A comprehensive gun violence reduction bill championed by House Speaker Robert DeLeo and signed into law by Gov. Deval Patrick on Aug. 13 creates a number of new responsibilities for local school districts.

The law, passed by the Legislature on July 31, the last day of formal sessions, contains a Safe and Supportive Schools (S3) framework designed to foster a “safe, positive, healthy, and inclusive whole-school learning environment.”

The Department of Elementary and Secondary Education is required to develop guidelines and regulations outlining how the S3 program should be implemented locally. Cities, towns and school districts are not mandated to accept and implement the program, because the law stipulates that S3 must first be adopted by a vote of the local school committee and is subject to local appropriation.

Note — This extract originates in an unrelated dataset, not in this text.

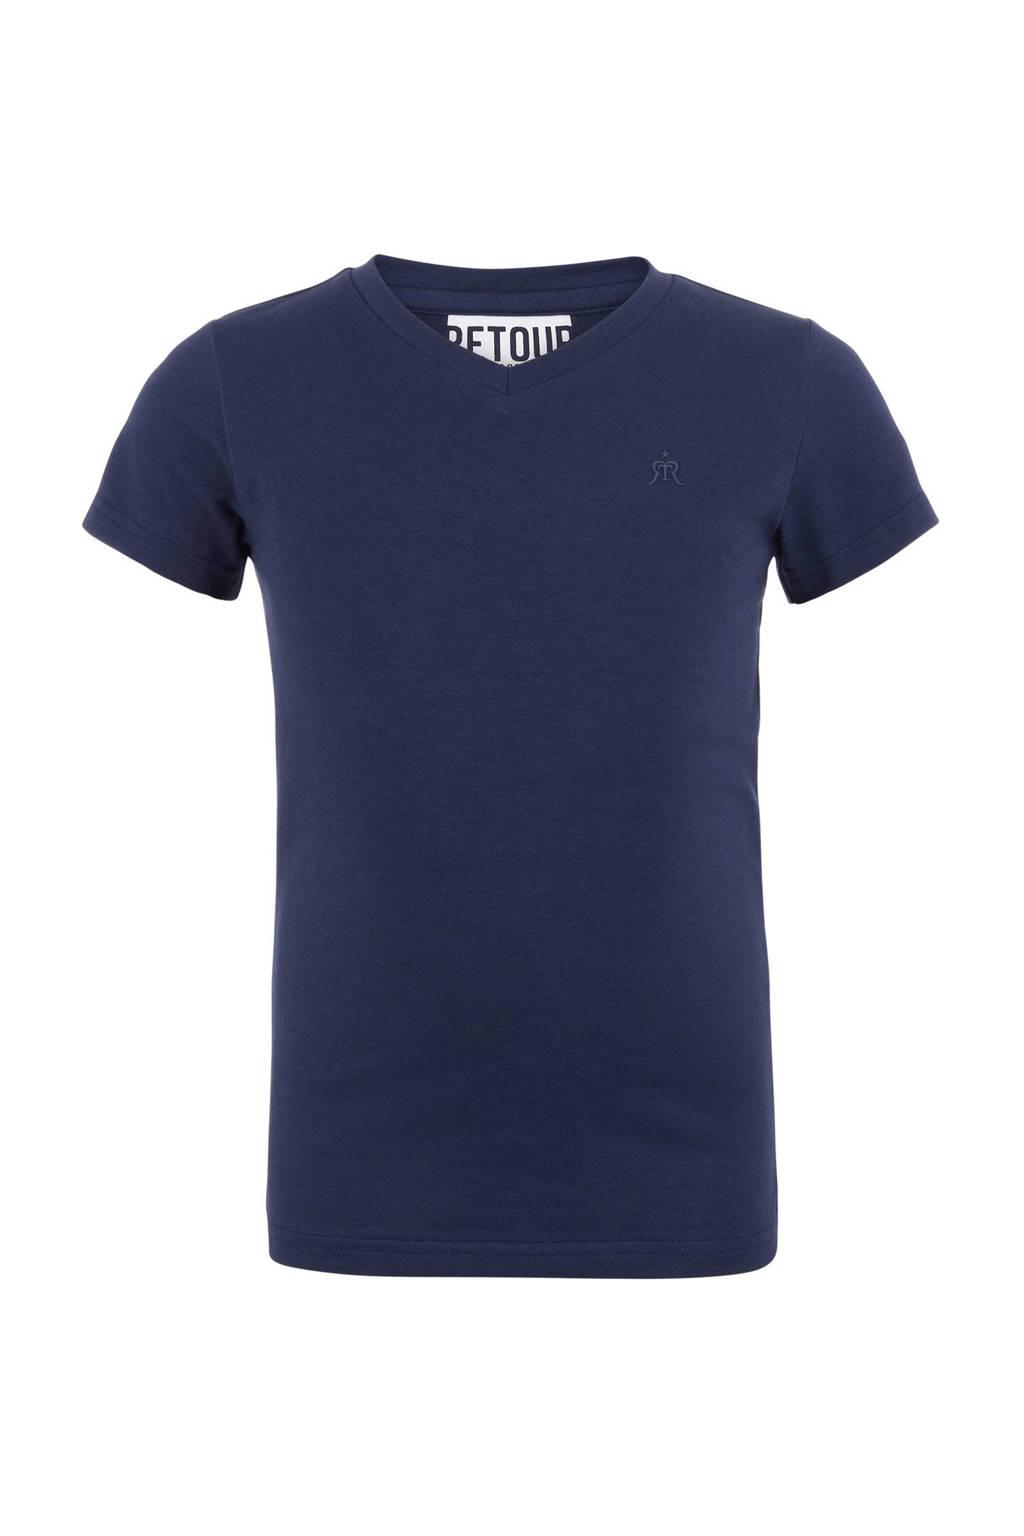 Retour Denim T-shirt Sean donkerblauw, Donkerblauw
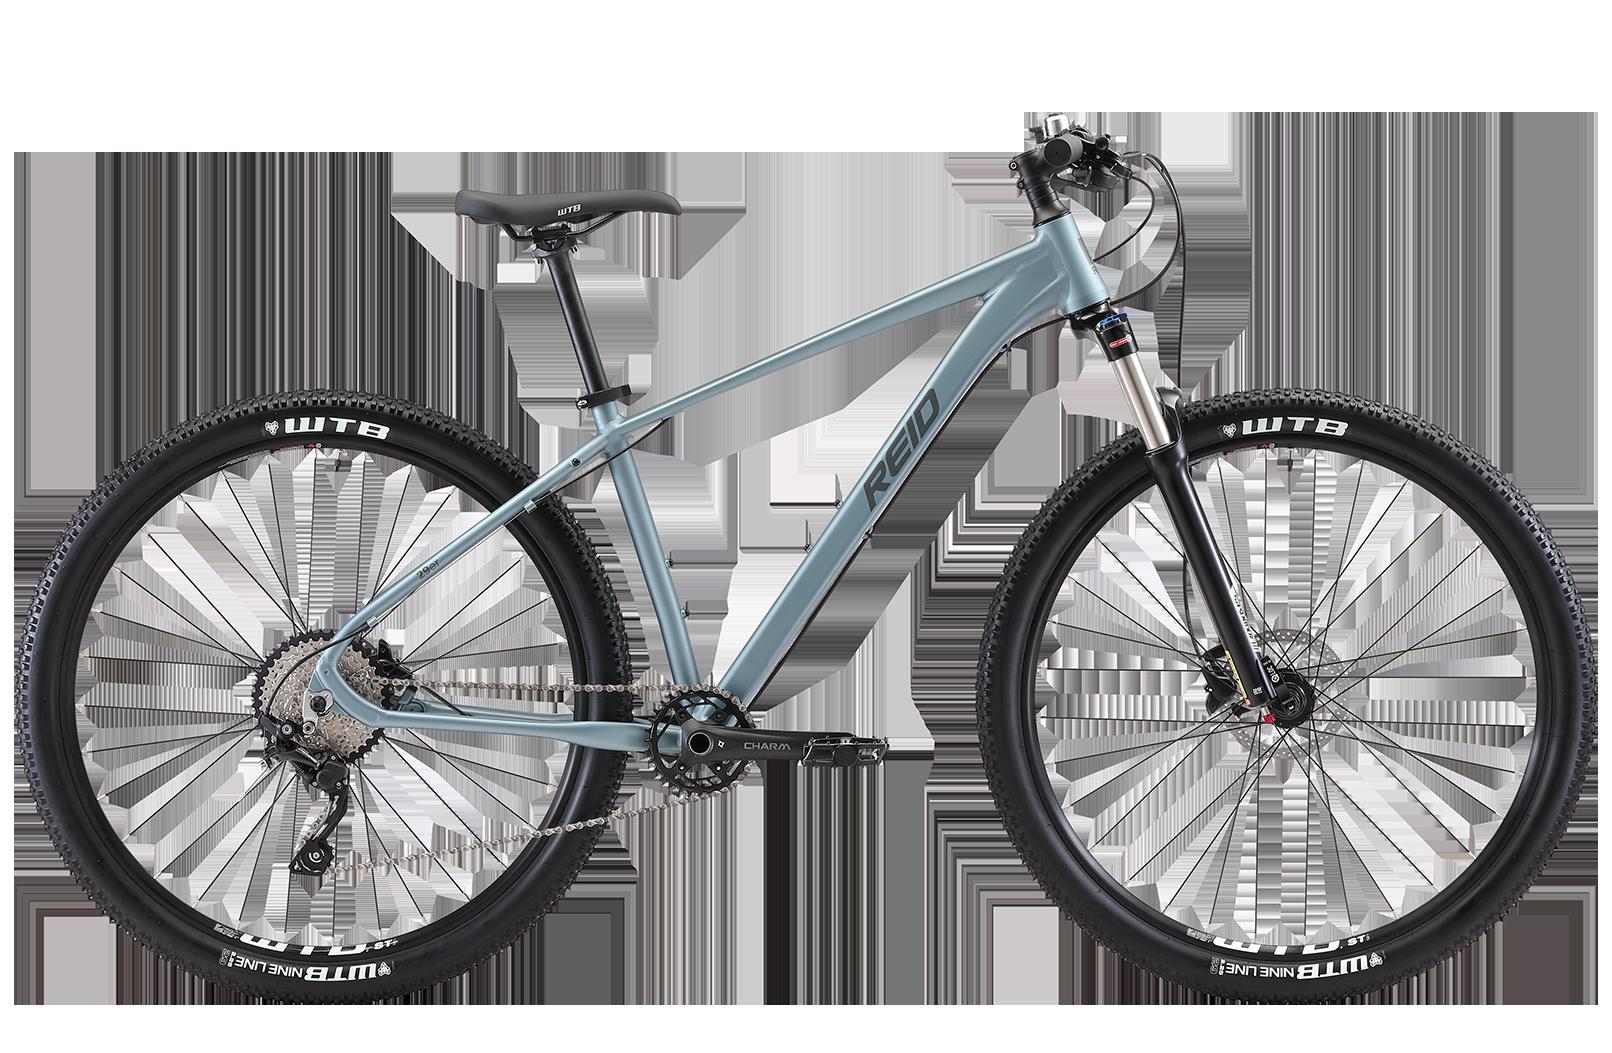 IMG 0120 ¦¦ 1 - Reid ® - Argon Bike

The legislation does require that each school district have at least one school resource officer and that each school possess a two-way radio communication device for use in communicating solely with police and fire departments in the event of an emergency, although these requirements are both subject to local appropriation.

The MMA successfully advocated for the inclusion of language limiting potential legal liability for districts in both the S3 and school resource officer sections of the law.

The law requires each school to create a mental health plan for its students, families, teachers and administrators. DESE is charged with developing the guidelines and requirements for this provision. There is no state funding, however, so the program is a new unfunded mandate on cities, towns and school districts. The MMA requested that this provision be held in conference, but the language remained in the final bill.

Similarly, each school must also provide suicide prevention training of at least two hours every three years for all licensed school personnel.

The MMA was successful in sponsoring language to limit legal liability for districts on both of these new requirements.

The new gun law also creates new policies for local police departments. The most significant is a provision that gives police chiefs more discretion in deeming an applicant for a firearms identification card unfit, but the chief is required to petition the court within 90 days to validate his or her finding and withhold the firearms identification card. Previously, police chiefs only had discretion with issuing handgun permits.

The compromise legislation follows the work of a gun violence reduction policy task force appointed by Speaker DeLeo, and dozens of bills relating to gun violence filed by lawmakers this session. The bills were largely prompted by the elementary school shooting in Newtown, Connecticut, in December 2012.